Green investors cannot stick to green bonds

Olly Copplestone cartoon conv bonds for climate 29Jun23 575x375.jpg

Ever since the dawn of the green bond market, participants have wondered: “One day, will all bonds be green?”

That is a long way off. But we are getting closer to a point that is much more relevant for humanity’s struggle with the climate and biodiversity crisis: when all bonds are transition bonds.

This week NatWest published a survey of 225 asset managers’ attitudes to a range of environmental, social and governance issues.

Investors were asked: “What bond structures do you think are most helpful for reaching net zero goals and mitigating physical risk?”

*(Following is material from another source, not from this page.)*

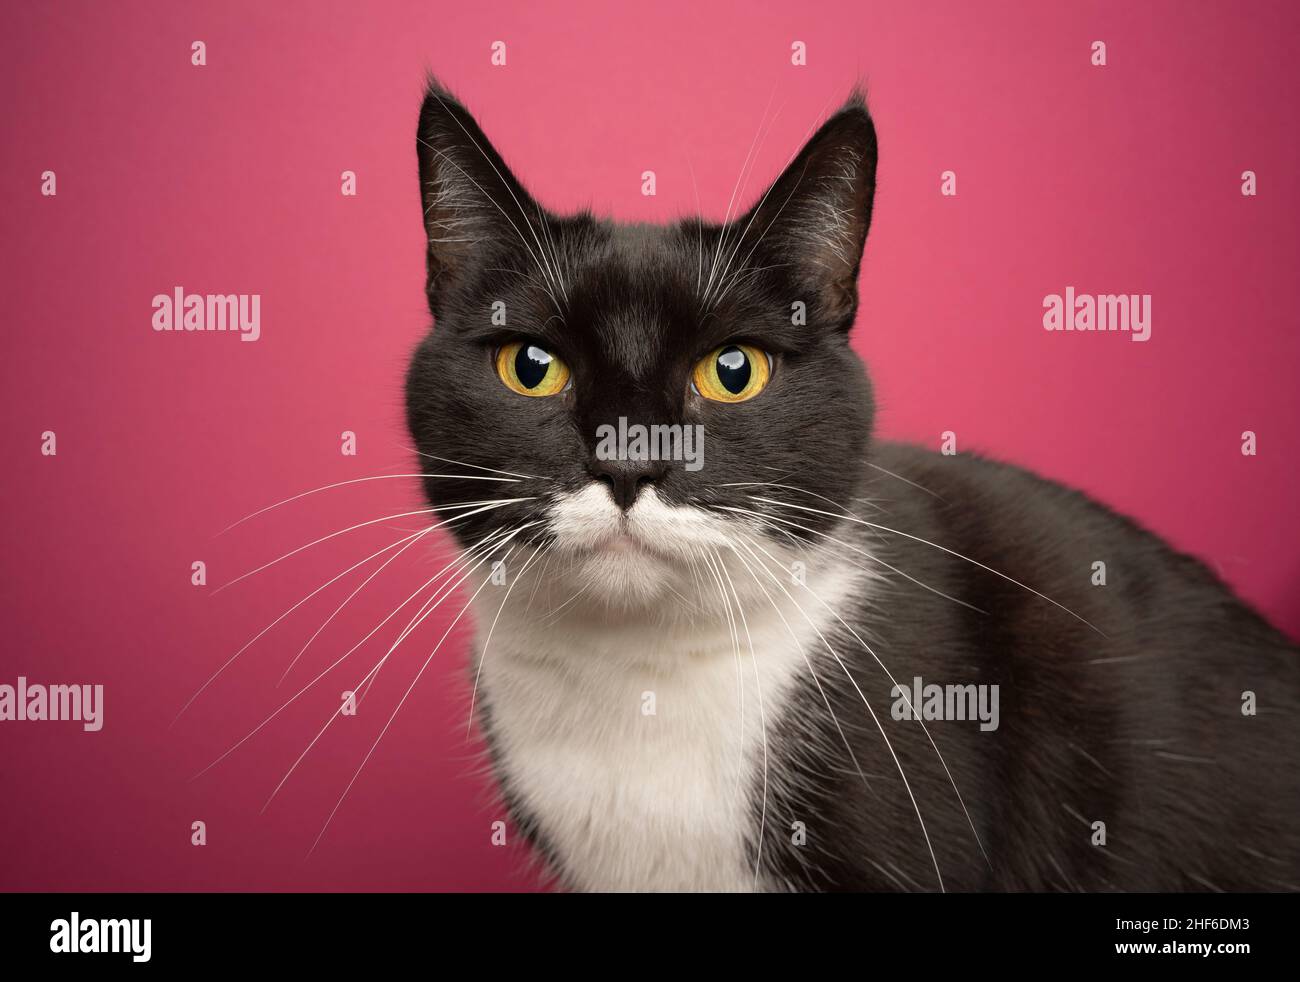 black and white tuxedo cat with yellow eyes looking at camera portrait on pink background Stock Photo

They were invited to rank green bonds, sustainability-linked bonds, green securitization and conventional bonds.

This looked like a face-off between green bonds and SLBs — but no. Top of the charts as helpful for reaching net zero goals, picked as one of the best options by 80% of investors, was conventional bonds.

They were also ranked the very best tool of the four by 28%, more than any of the labelled instruments.

And for physical risk, 84% of investors picked conventional bonds, again the highest share. In both cases the view was common across north America, Europe and Asia Pacific.

There is still a place for labelled debt. After all, about three quarters picked one of those instruments as best.

But the survey hammers home a crucial truth: conventional bonds are essential to financing the world’s escape from climate disaster. What’s more, investors now realise it.

As NatWest points out, labelled debt reached $3.8tr at the end of last year, but this is still only 5% of the global bond market.

All the issuers of all the bonds need to become sustainable, throughout their operations.

The fixed income market has taken a long detour through thickets of detail about sustainably labelled instruments. It is now back where it started: facing a mammoth, unsustainable bond market.

The tool for making it sustainable will not be a special structure or a modest tilt to greener debt. It will be a strident demand to issuers: go green or we're out.